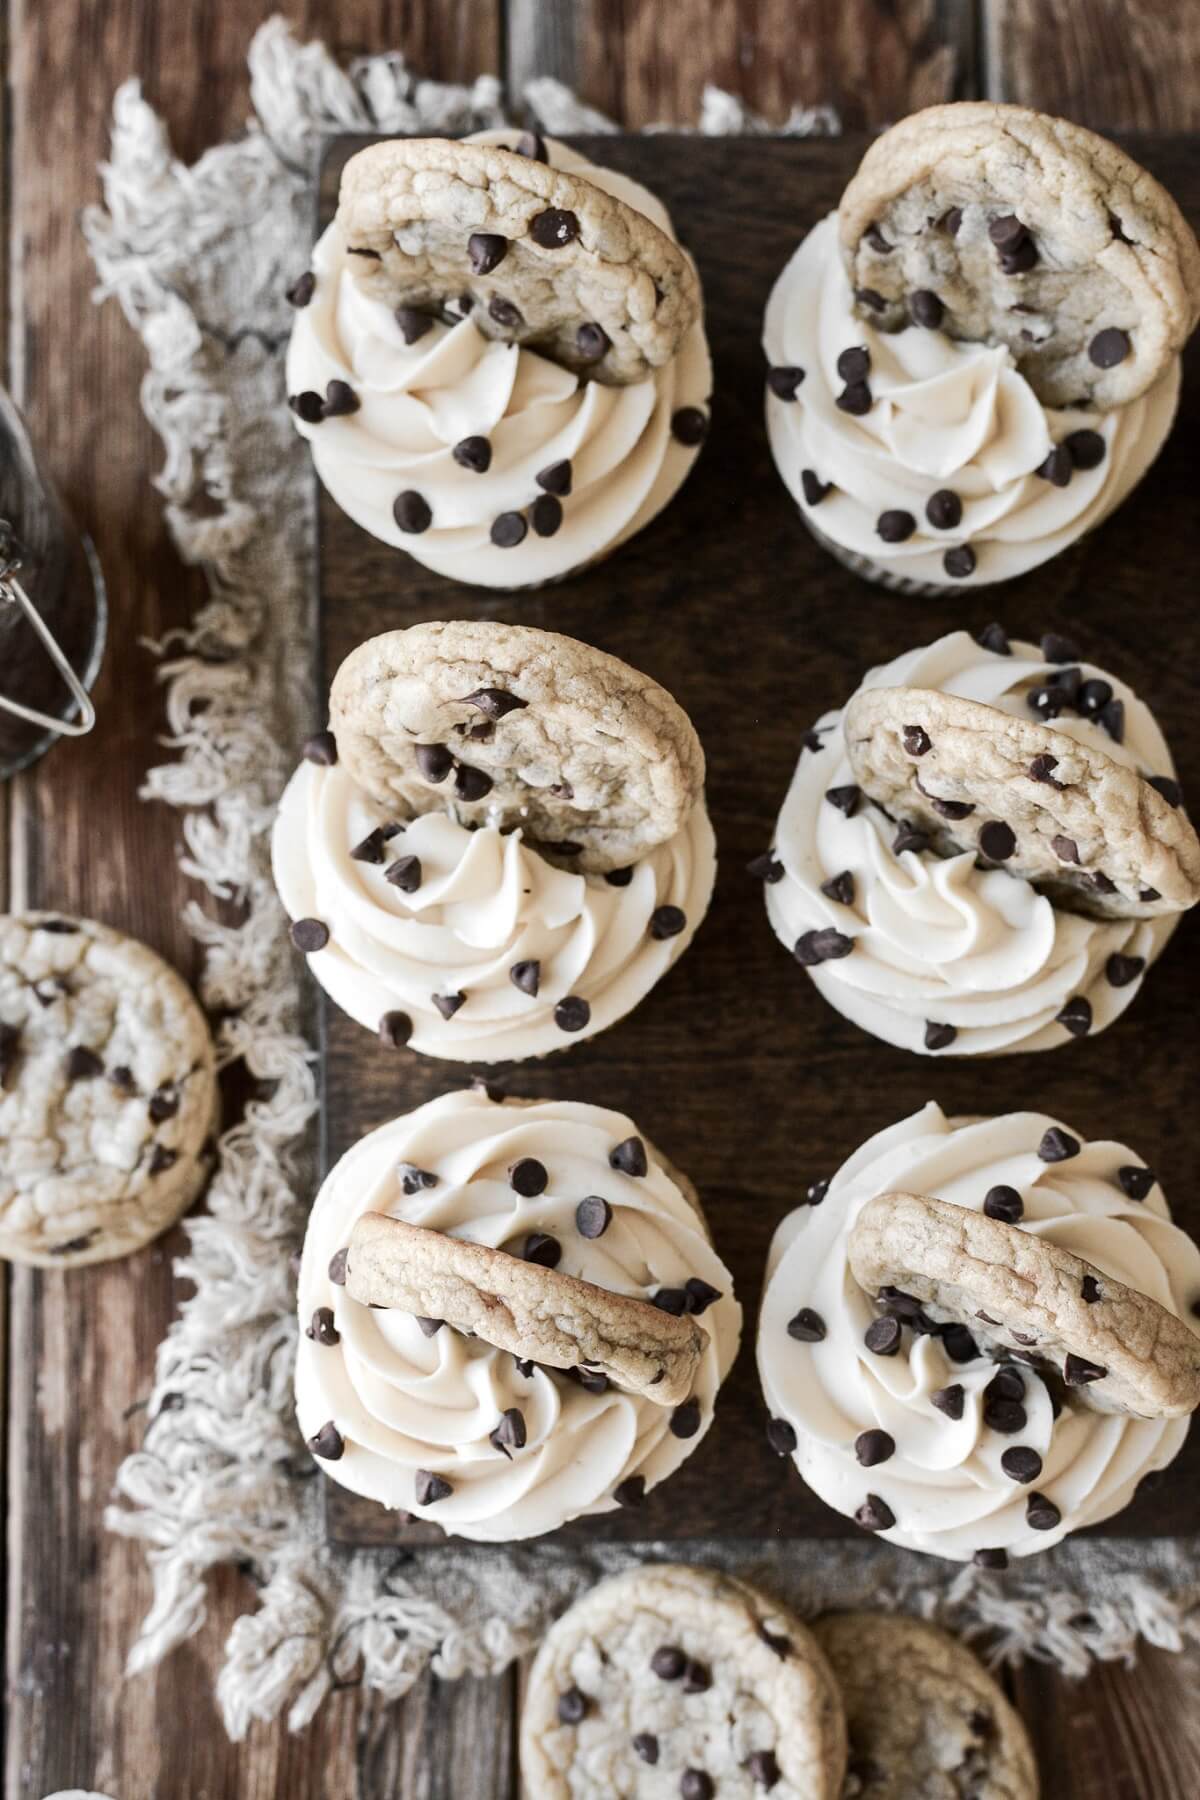 Chocolate chip cupcakes topped with cookies.
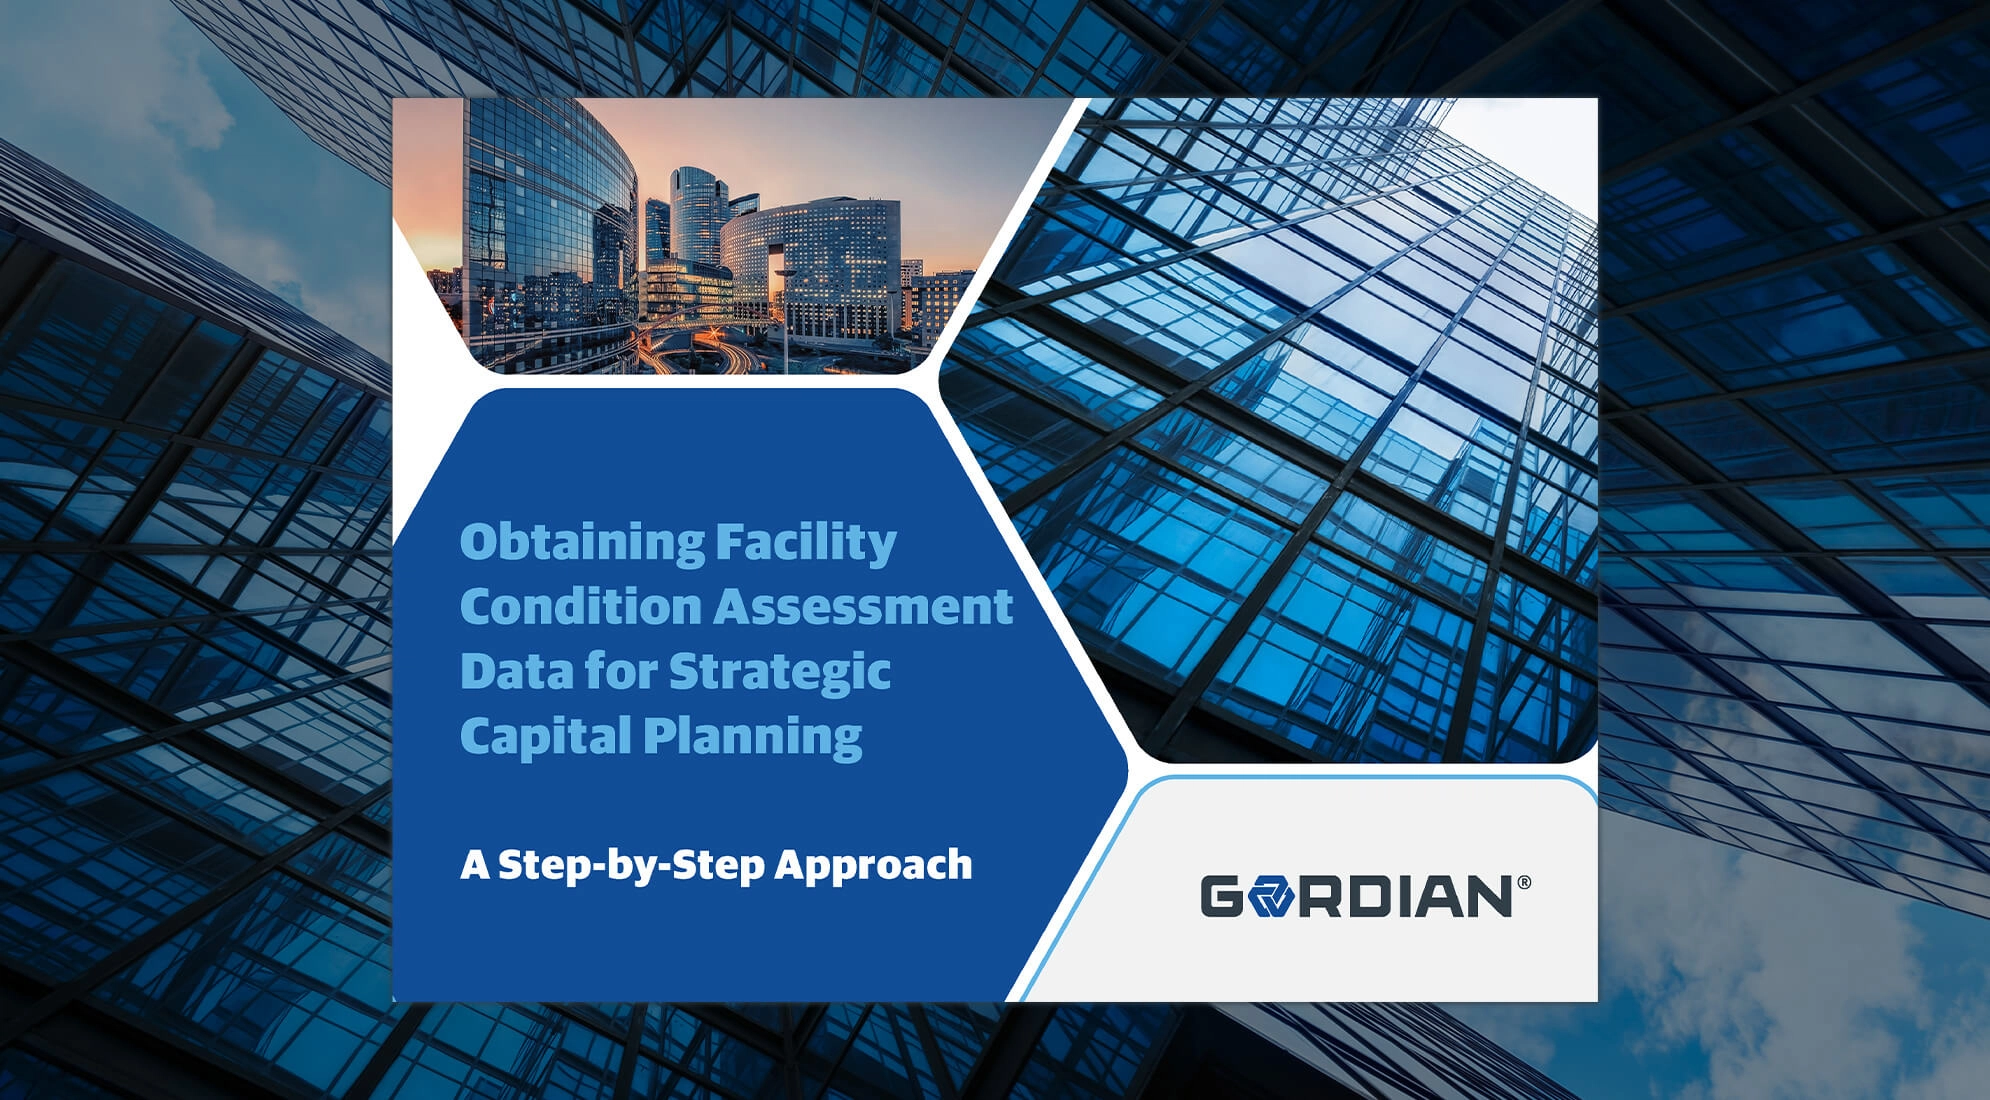 Obtaining Facility Condition Assessment Data for Strategic Capital Planning 3
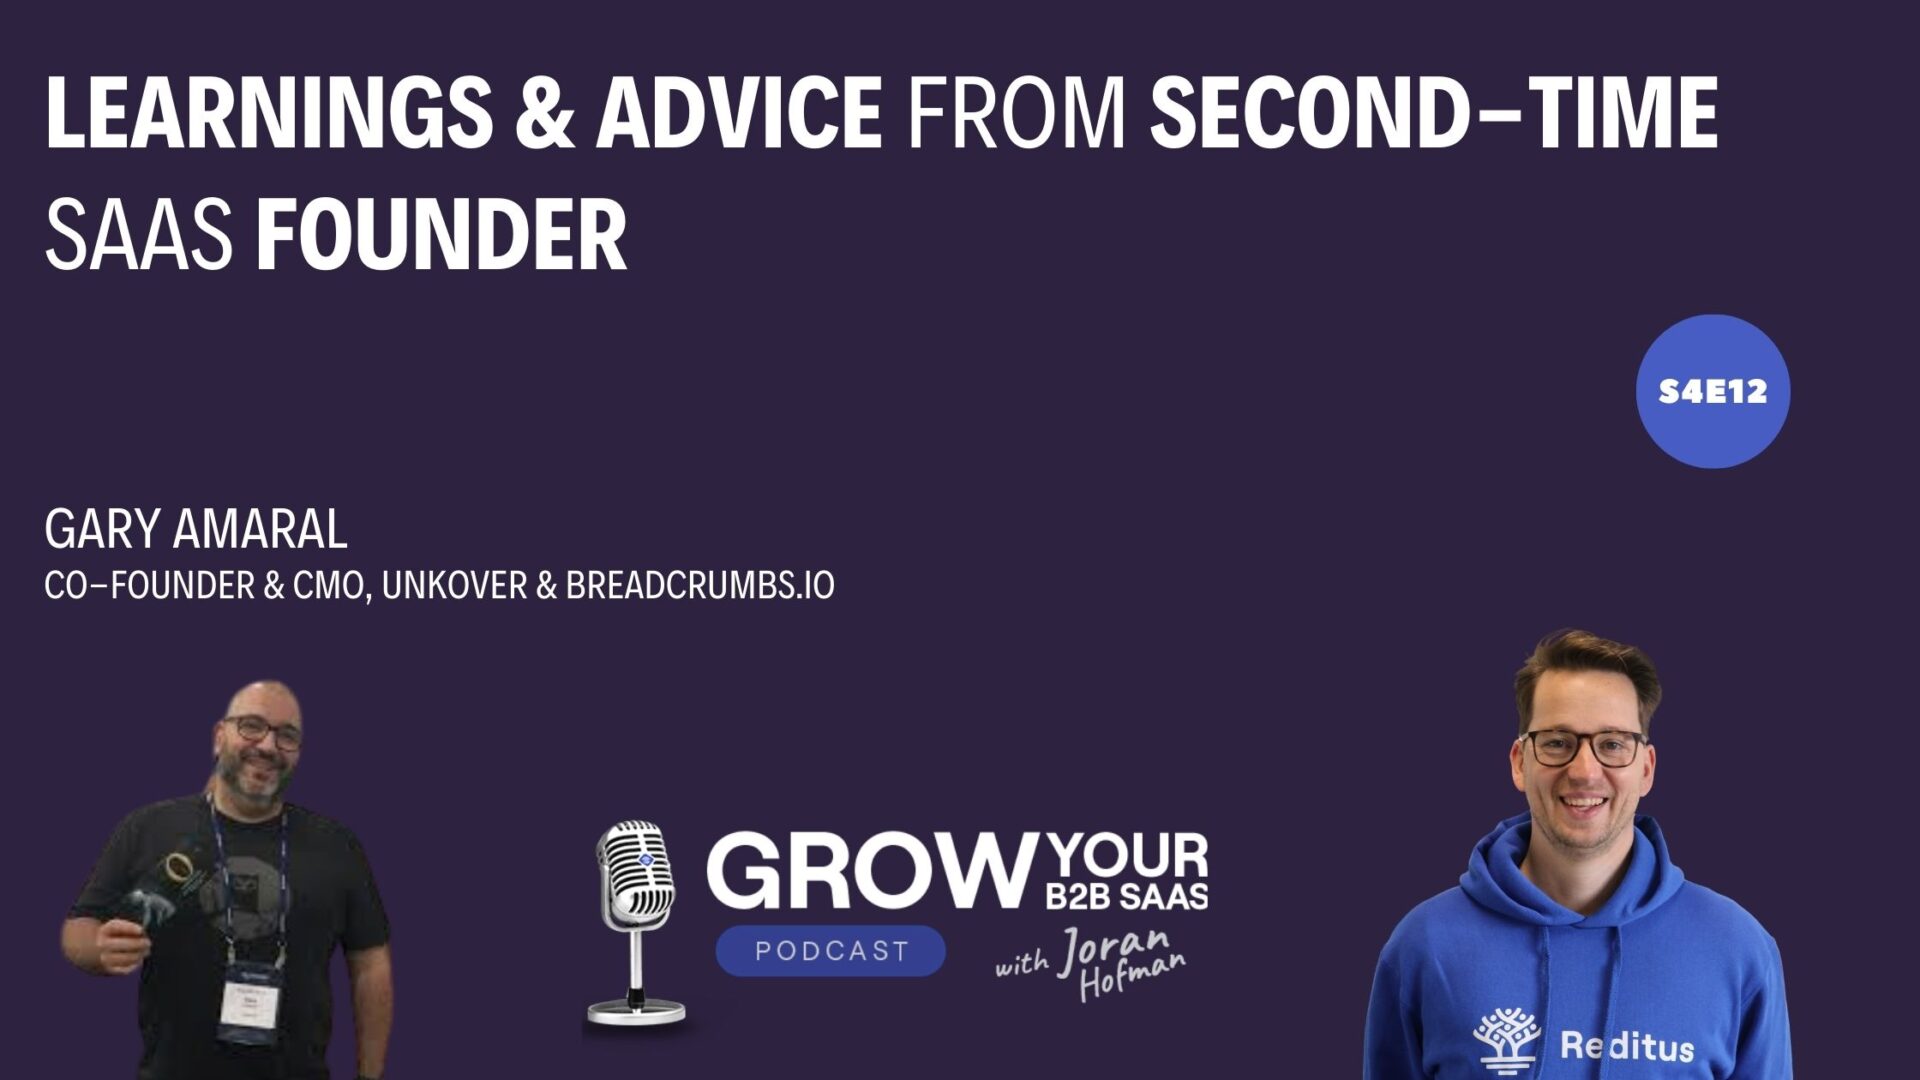 https://www.getreditus.com/podcast/s4e12-learnings-advice-from-second-time-saas-founder-with-gary-amarall/
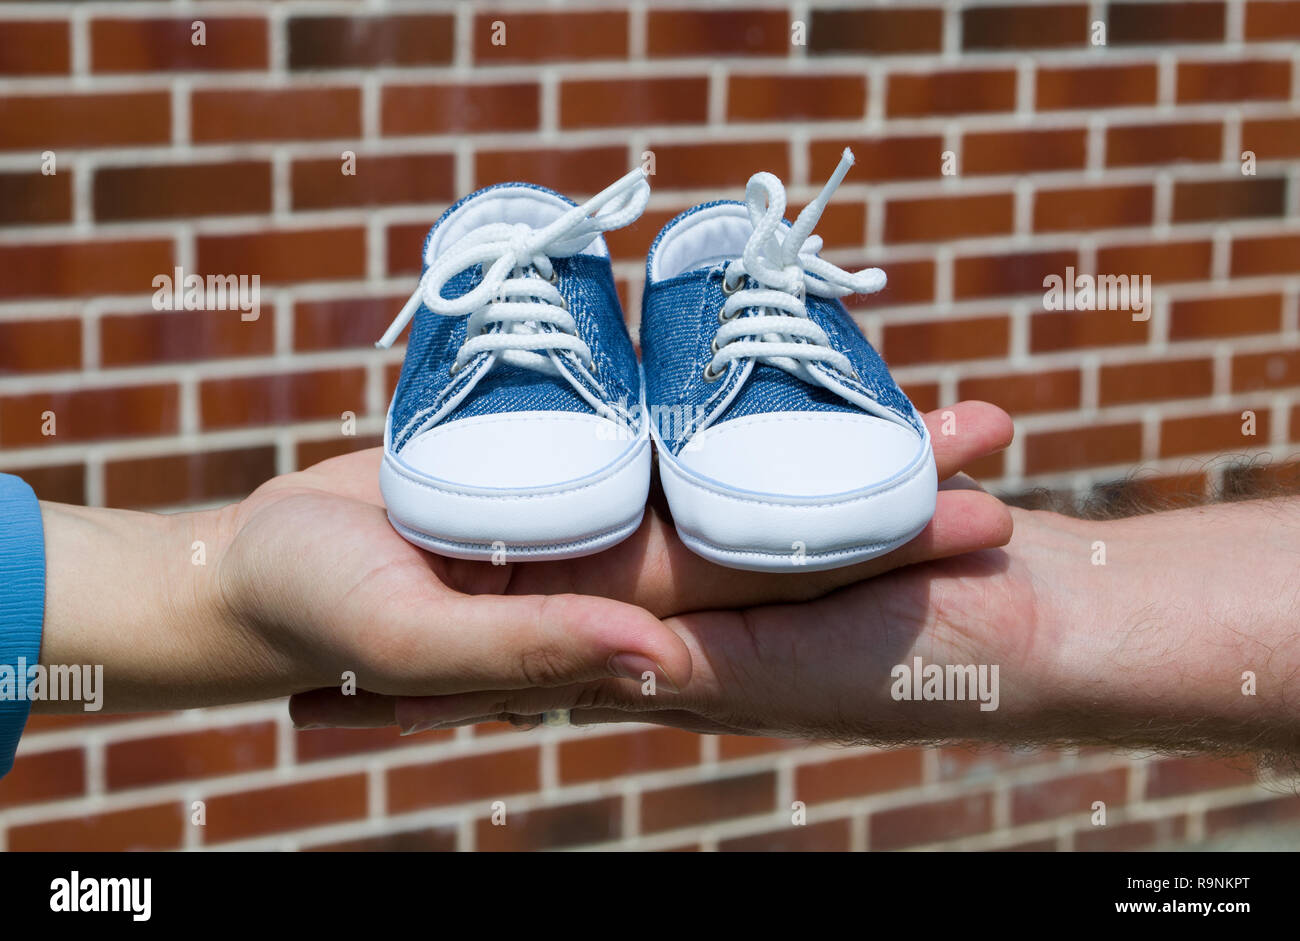 Future parents holding baby shoes Stock Photo

- _Your goal_
Without the pictures, give every line of the data again, exactly as written.

- _Response to the task_
 Chocolate chip cupcakes topped with cookies.
 Obtaining Facility Condition Assessment Data for Strategic Capital Planning 3
 https://www.getreditus.com/podcast/s4e12-learnings-advice-from-second-time-saas-founder-with-gary-amarall/
 Future parents holding baby shoes Stock Photo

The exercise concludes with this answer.